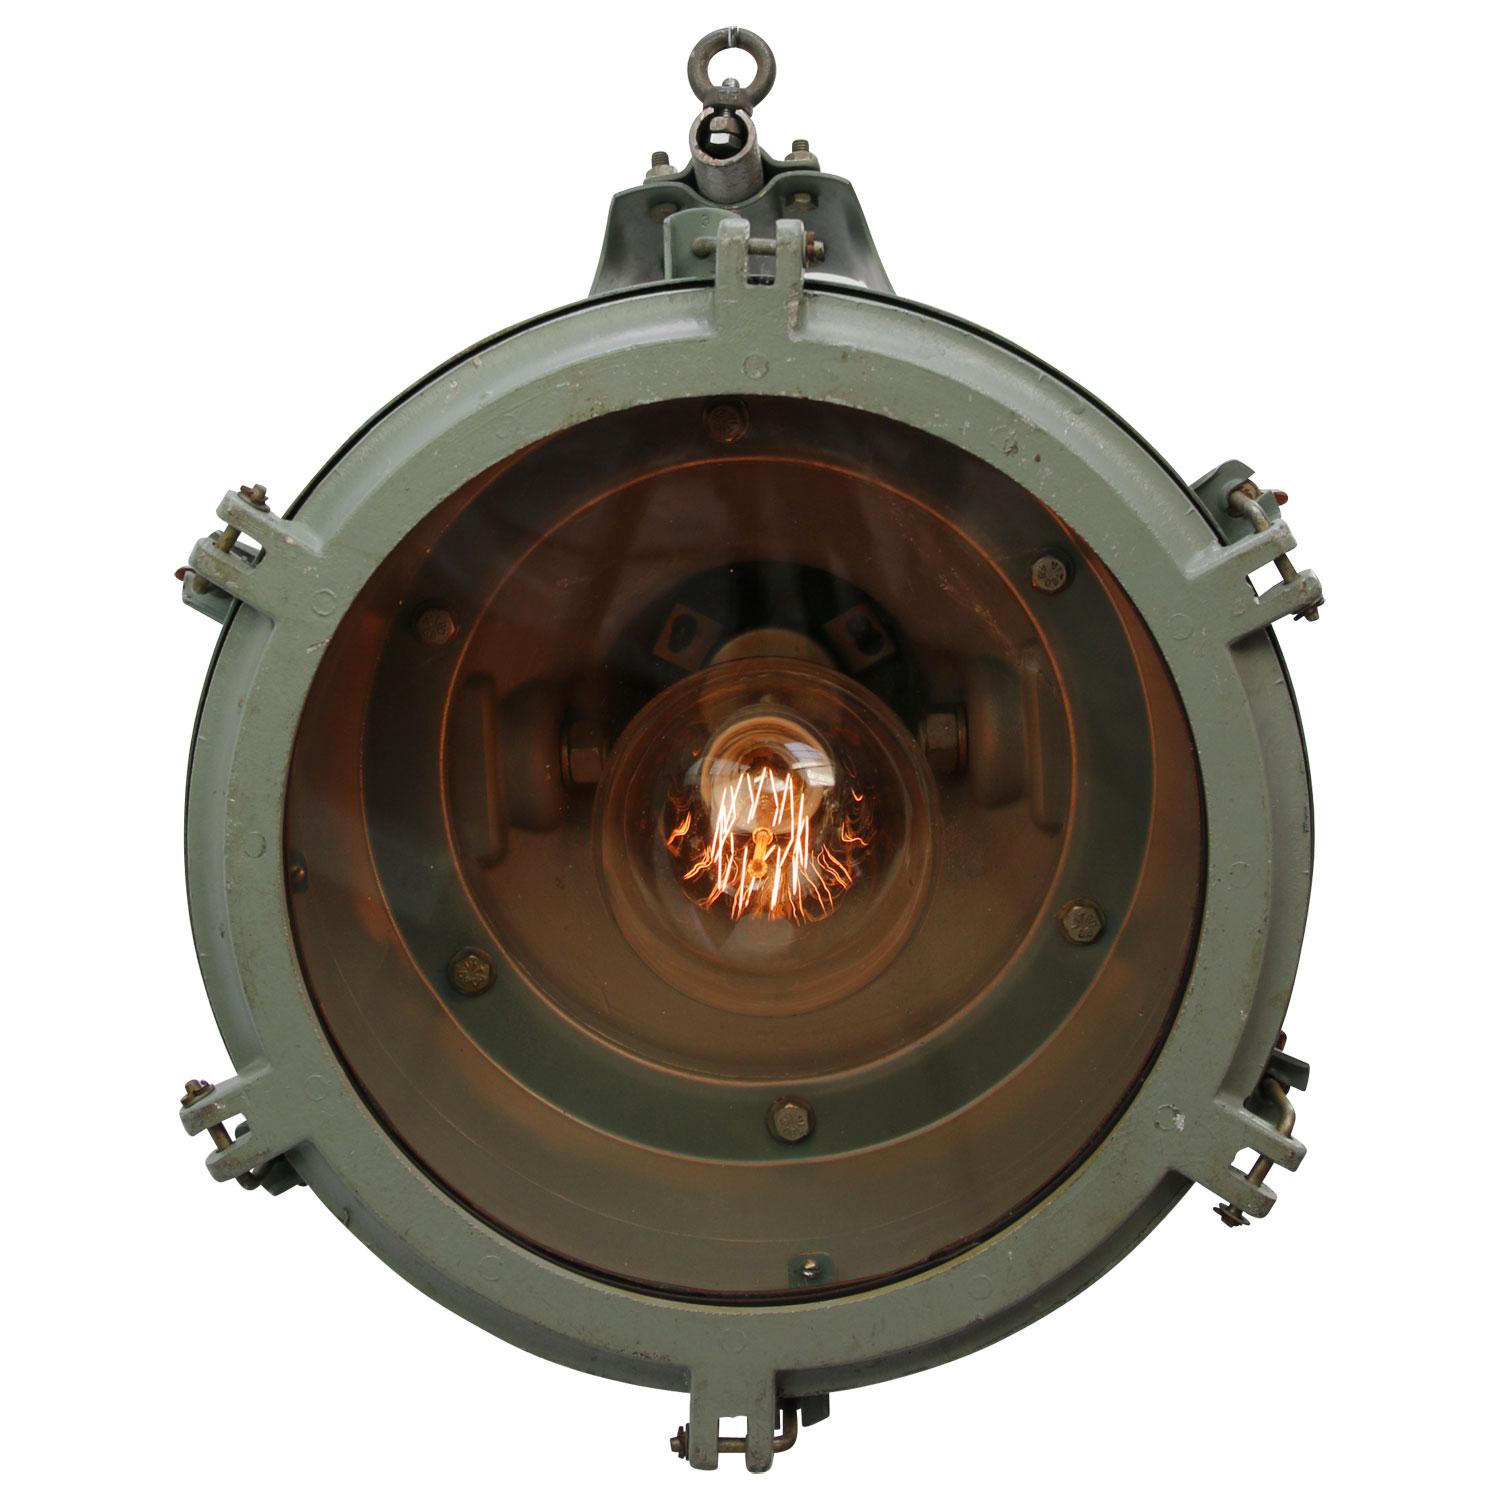 Industrial hanging light spot.
Cast aluminium with clear glass.

Weight: 10.00 kg / 22 lb

Priced per individual item. All lamps have been made suitable by international standards for incandescent light bulbs, energy-efficient and LED bulbs.
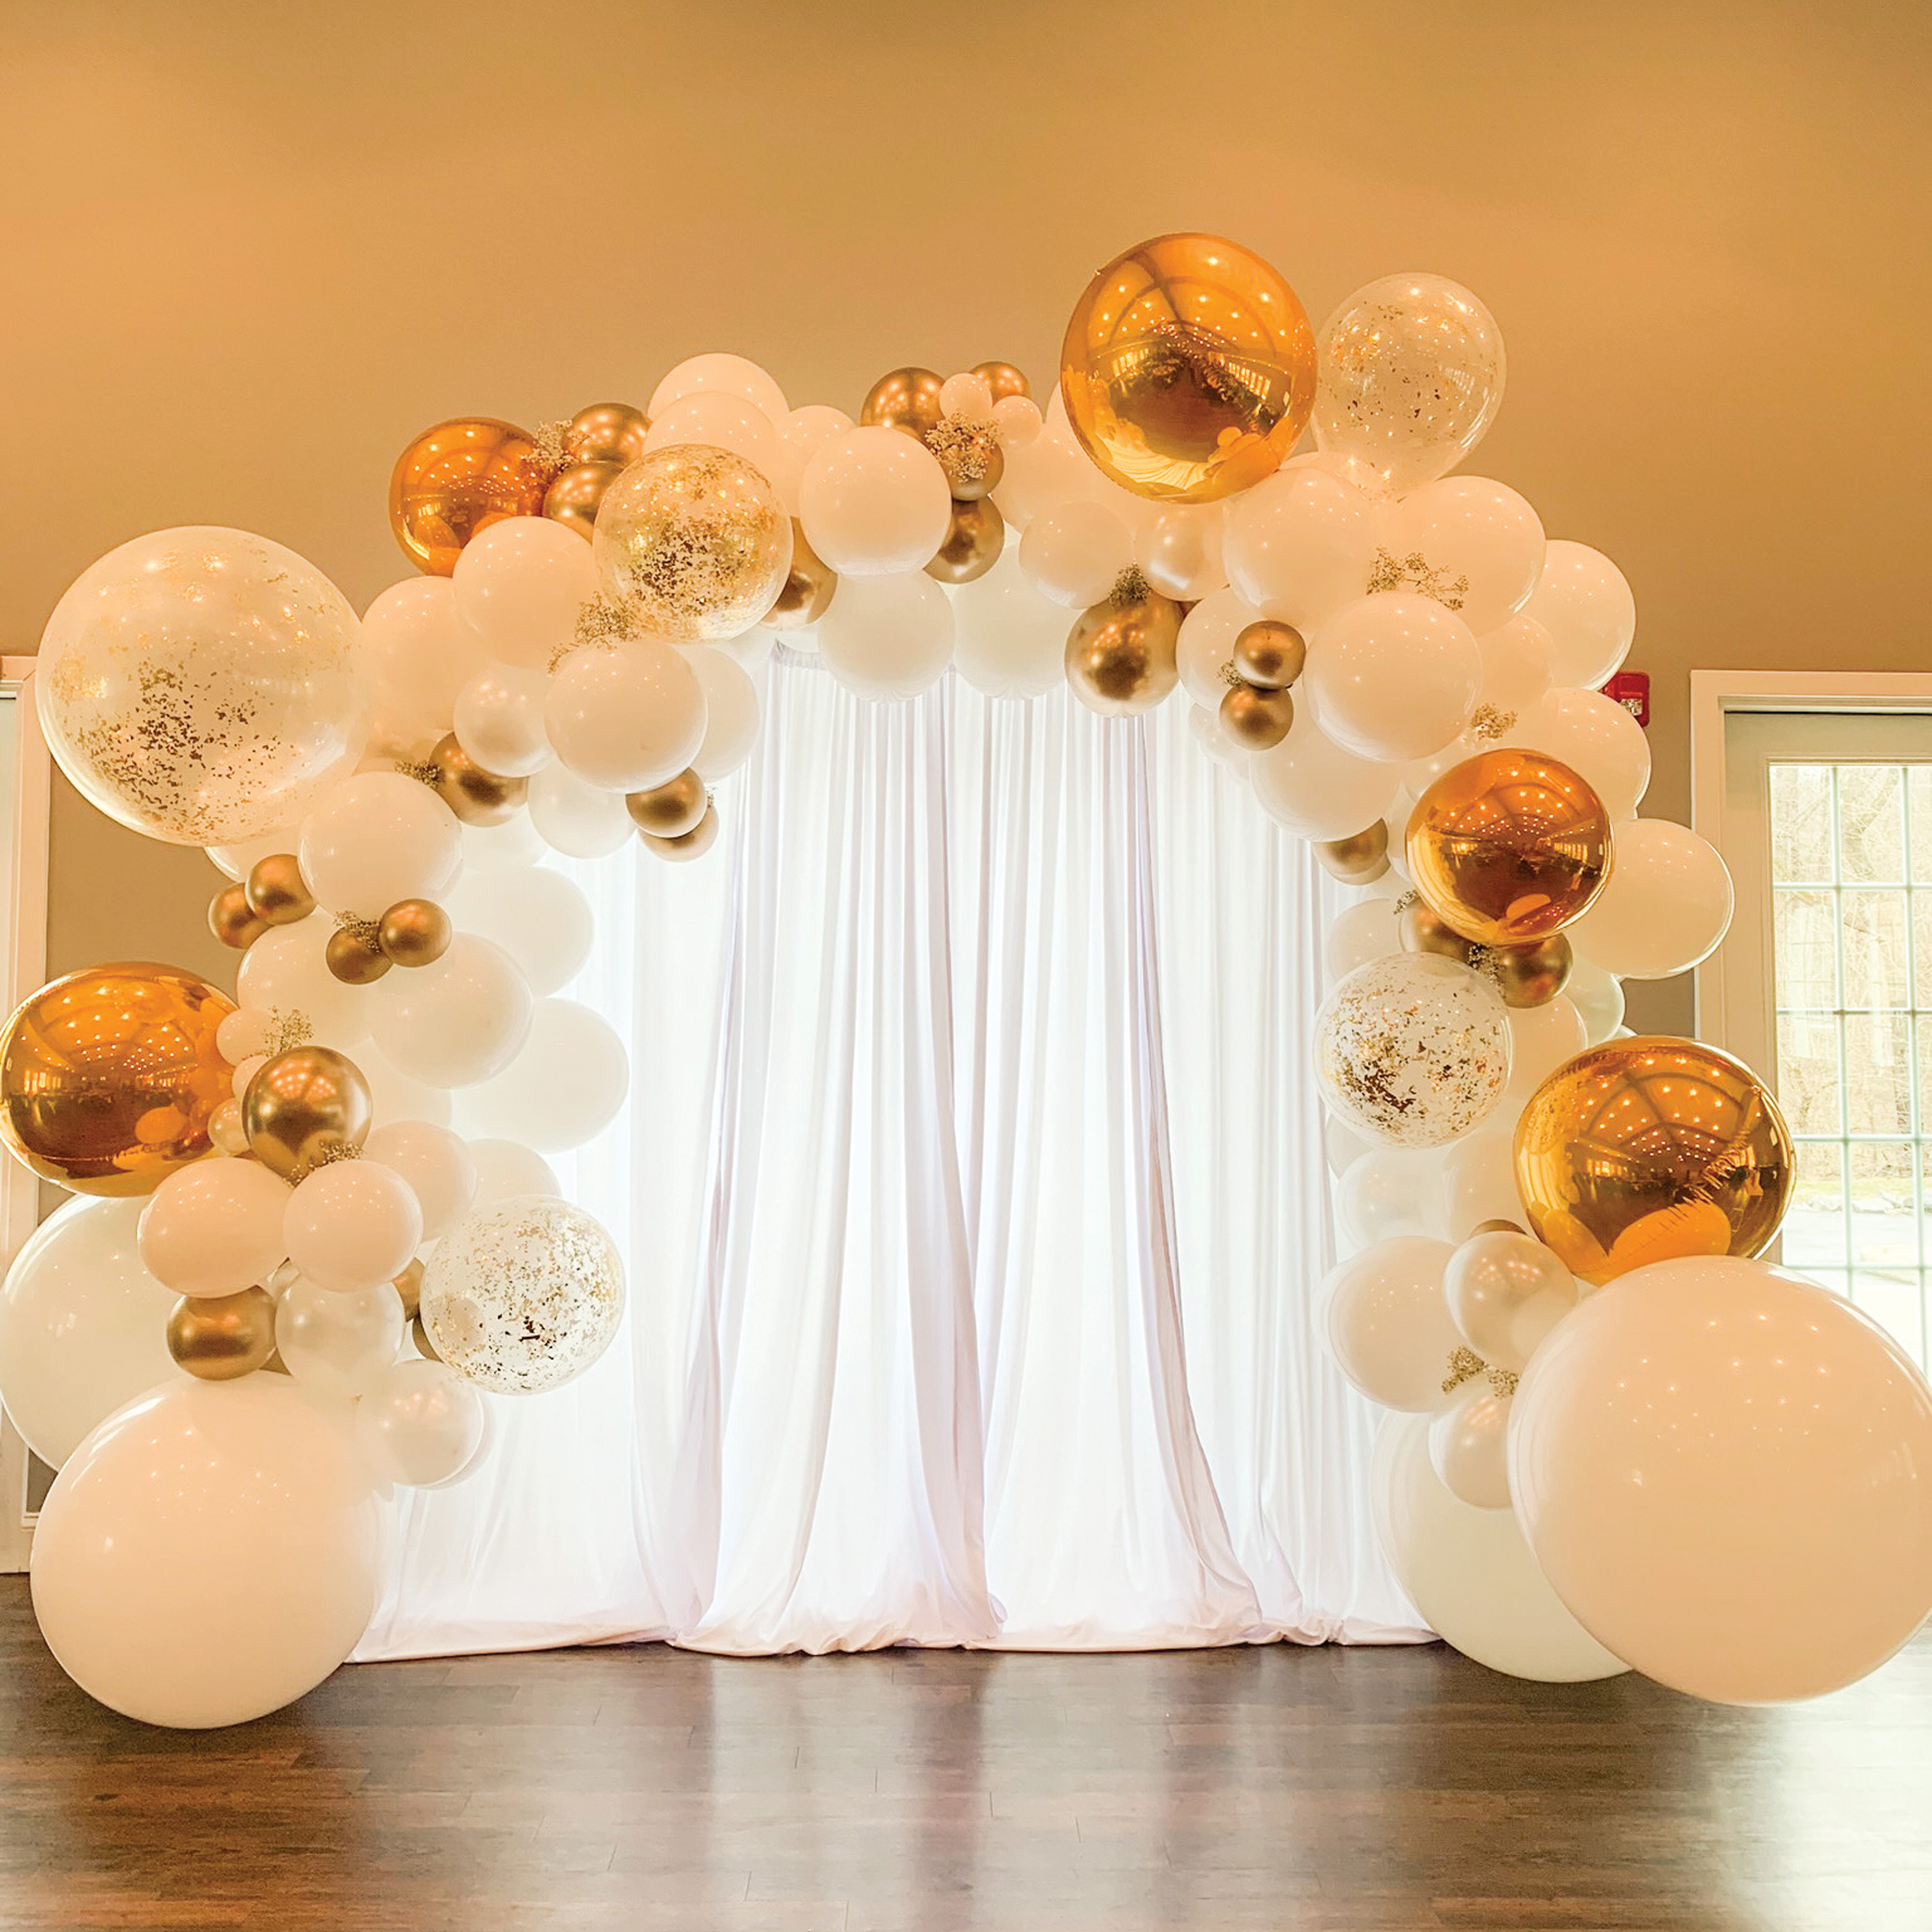 Organic Balloons are the New Trend in Event Décor

--------------------------------------------------

=== What the task asks ===
Using the records above, output their complete text exactly, minus any images.

=== Completed task ===
 Industrial hanging light spot.
Cast aluminium with clear glass.

Weight: 10.00 kg / 22 lb

Priced per individual item. All lamps have been made suitable by international standards for incandescent light bulbs, energy-efficient and LED bulbs.
 Organic Balloons are the New Trend in Event Décor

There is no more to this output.